Note that the MsBackendMgf
exports all spectra variables
as fields in the mgf file. To illustrate this we add below a new spectra
variable to the object and export the data.
sps$new_variable <- "A"
export(sps, backend = MsBackendMgf(), file = fl)
readLines(fl)[1:12]
## [1] "BEGIN IONS"
## [2] "TITLE=msLevel 2; retentionTime ; scanNum "
## [3] "msLevel=2"
## [4] "RTINSECONDS=1028"
## [5] "SCANS=2162"
## [6] "centroided=TRUE"
## [7] "PEPMASS=816.33826"
## [8] "CHARGE=2+"
## [9] "spectrumName=File193 Spectrum1719 scans: 2162"
## [10] "new_variable=A"
## [11] "102.0548 753.738"
## [12] "103.00494 385.376"
We can see that also our newly defined variable was exported. Also,
because we did not provide our custom variable mapping this time, the
variable "spectrumName"
was not used as
the spectrum’s title.
Sometimes it might be required to not export all spectra variables
since some exported fields might not be recognized/supported by external
tools. Using the selectSpectraVariables()
function we can
reduce our Spectra
object to export to contain only
relevant spectra variables. Below we restrict the data to only m/z,
intensity, retention time, acquisition number, precursor m/z and
precursor charge and export these to an MGF file. Also, some external
tools don’t support the "TITLE"
field in the MGF file. To
disable export of the spectrum ID/title exportTitle = FALSE
can be used.
sps_ex <- selectSpectraVariables(sps, c("mz", "intensity", "rtime",
"acquisitionNum", "precursorMz",
"precursorCharge"))
export(sps_ex, backend = MsBackendMgf(), file = fl, exportTitle = FALSE)
readLines(fl)[1:12]
## [1] "BEGIN IONS" "RTINSECONDS=1028" "SCANS=2162"

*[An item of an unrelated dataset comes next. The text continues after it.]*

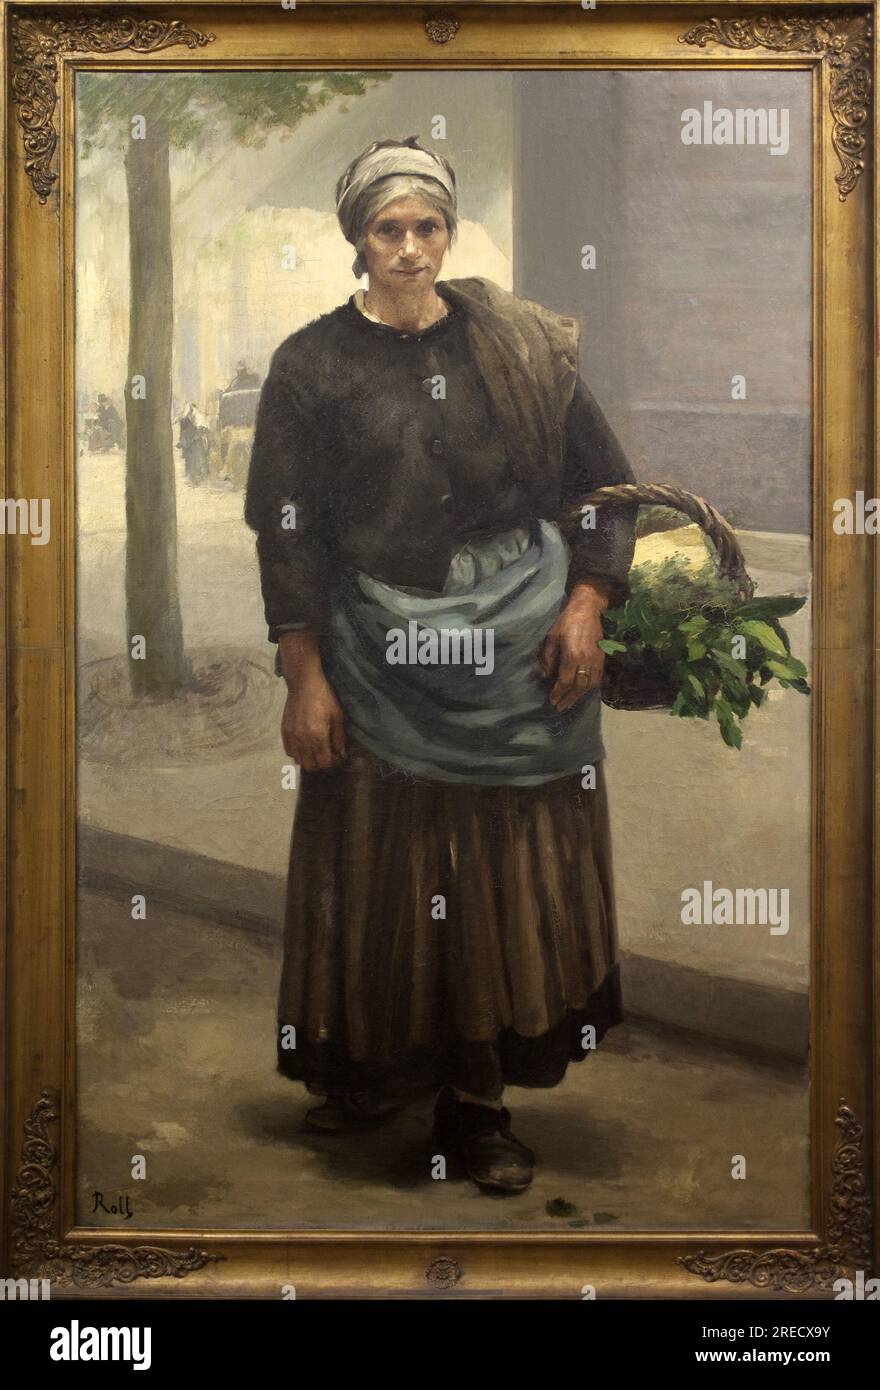 Marianne Offrey, crieuse de vert. Peinture de Alfred Roll (1846-1919), huile sur toile, avant 1885. Musee des Beaux Arts de Pau. Stock Photo

## [4] "PEPMASS=816.33826" "CHARGE=2+" "102.0548 753.738"
## [7] "103.00494 385.376" "103.03531 315.441" "115.05001 413.206"
## [10] "115.08686 588.273" "120.08063 800.016" "124.10555 526.761"
Annotated MGF files
Variants of MGF files can also contain annotations for the individual
mass peaks. These files are expected to contain one line per mass peak,
with the first two elements being the mass peak’s m/z and
intensity values. All (eventually present) additional elements are
considered annotations. The MsBackendAnnotatedMgf
backend can be used to import and represent such files. Below we read
the first 10 lines of an example annotated MGF file.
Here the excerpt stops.